To get to the dinosaurs, you have to zig-zag via gridded farm roads. And just like in the movies, the ancient reptiles leap out at you dramatically. It is genuinely unbelievable how abruptly the fossil-ridden badlands appear. One moment, you are coasting through wheat and pavement. The next, you are descending on rock and gravel as the land around you concaves into another era. Canyons and valleys of unbelonging hills, buttes, and most surprisingly, greenery, emerge from nowhere, evocative of another, older time.

The park is a must-see. The bus tours are largely family-focused but informative for all. It was cool to walk around and see millions of years of our history so accessible; bones protruding from soil as commonplace as the straw-like grass stubbornly staking its claim to the area. It was also clear to understand why the badlands were considered sacred by the local Indigenous populations. Among the many reasons they originally left it undisturbed were the shadows cast by the hoodoos – interpreted as spirits lying in stone. After all, much of what casts shadows is living. People, trees, animals and the like.

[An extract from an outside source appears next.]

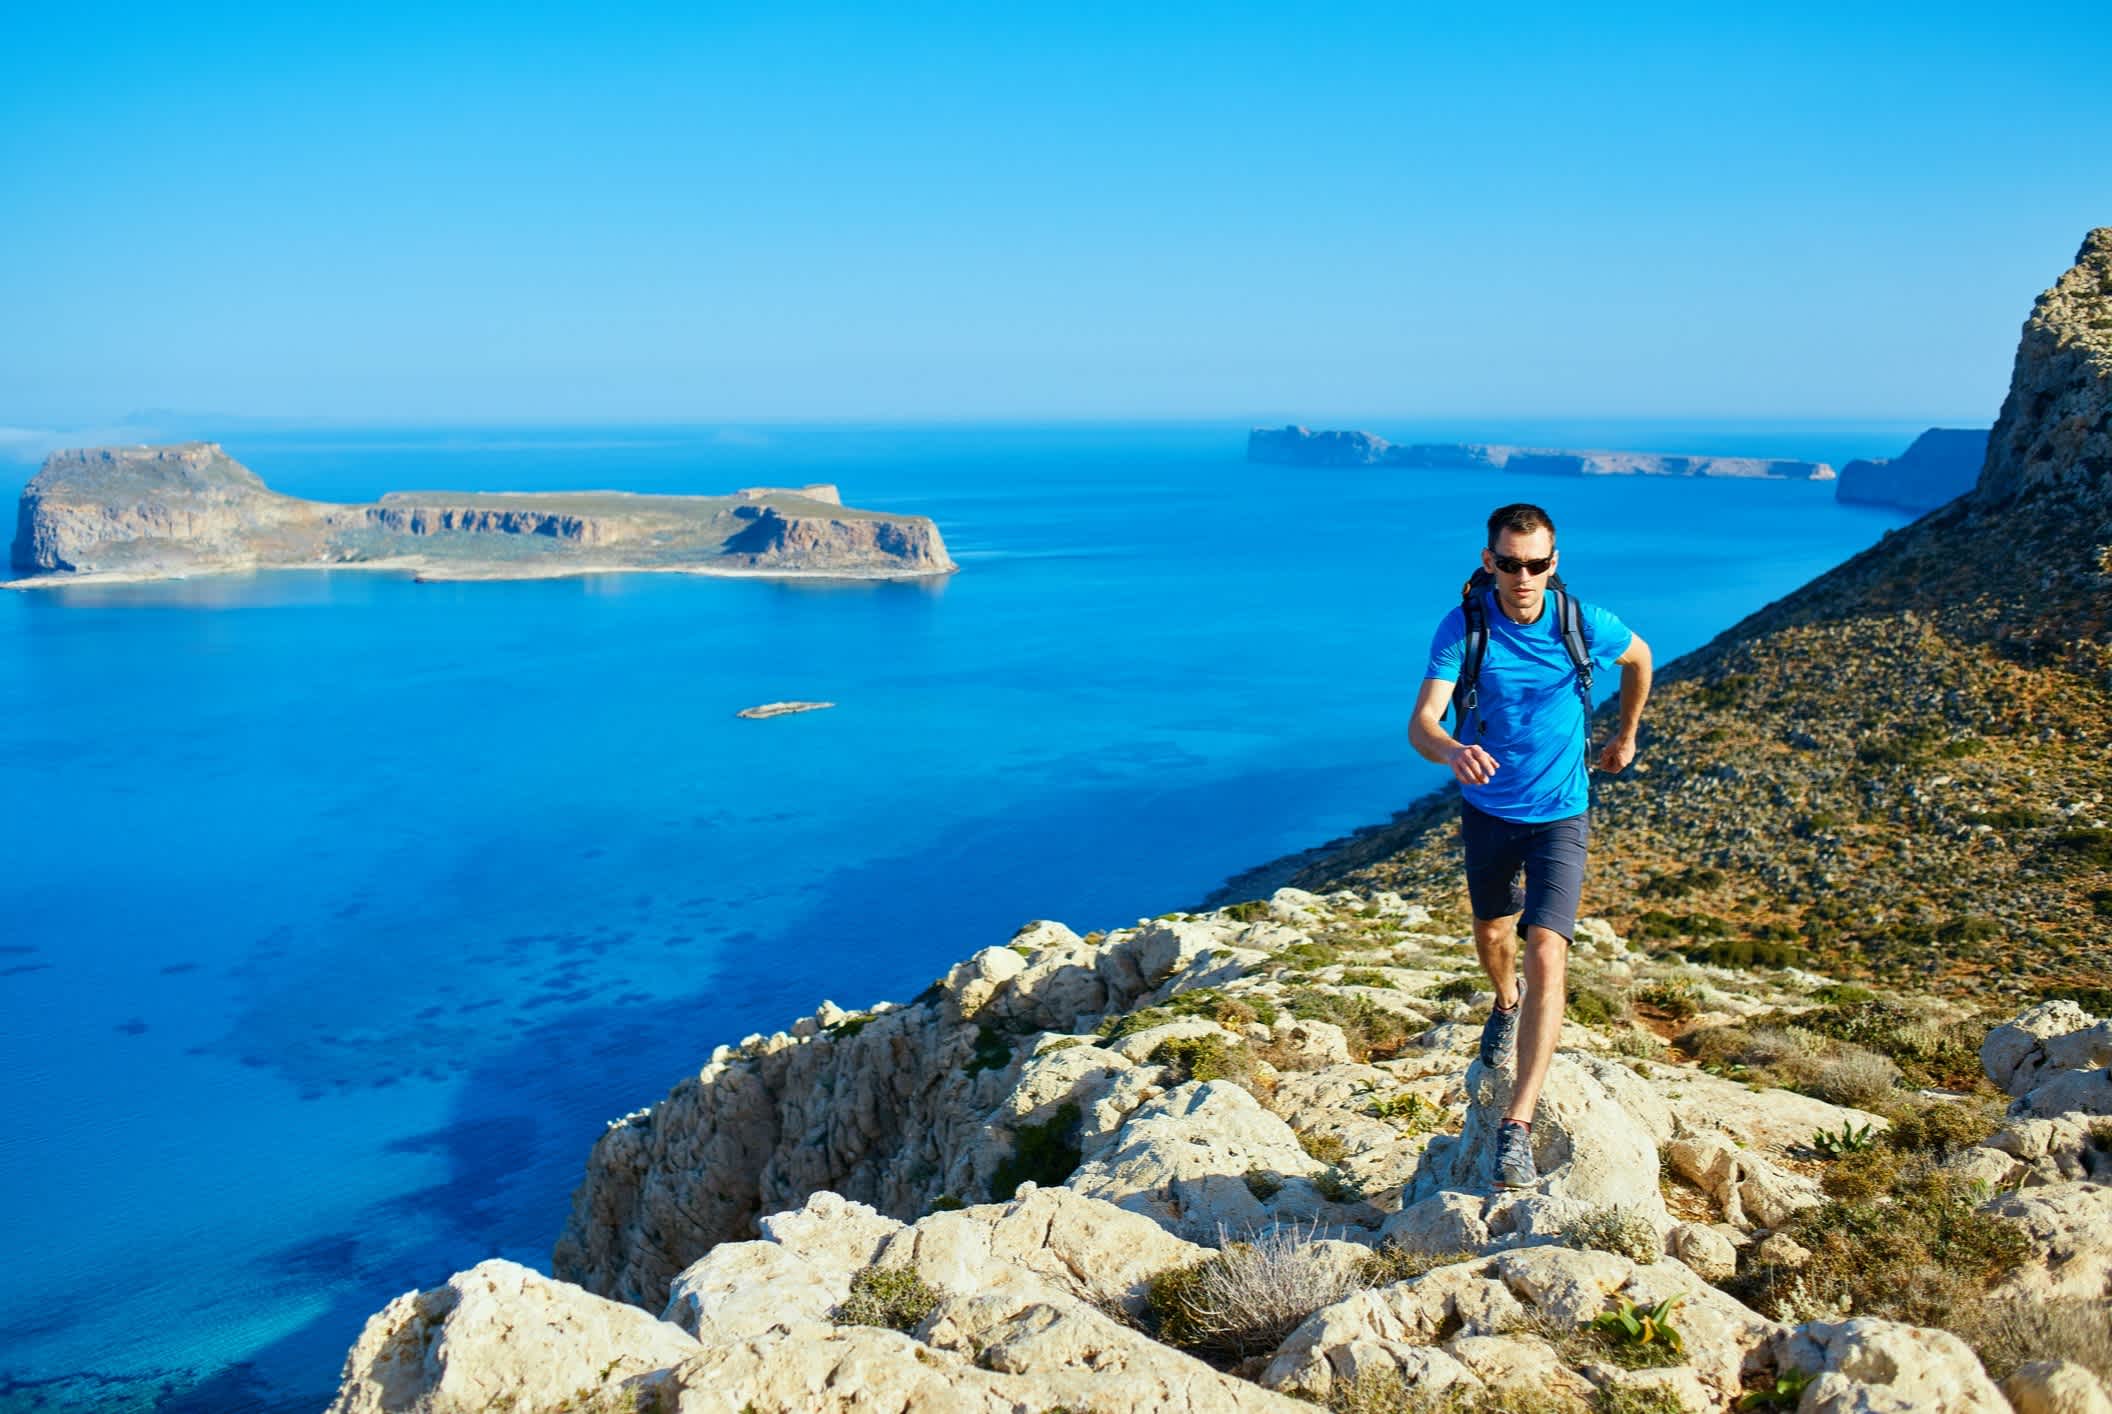 Ein Wanderer mit dem Balos Strand im Hintergrund, Kreta, Griechenland

Today’s image: a window into strangely saturated barren lands hidden away in Southern Alberta, behind long drives and errant discussions.

Dinosaur Provincial Park in October 2023

The image above was taken in October 2023. You can compare this click to the one that adorns the Wikipedia page (at the time of writing), which was taken nearly a decade earlier from the same vantage point (in July 2014), for a different seasonal flavor.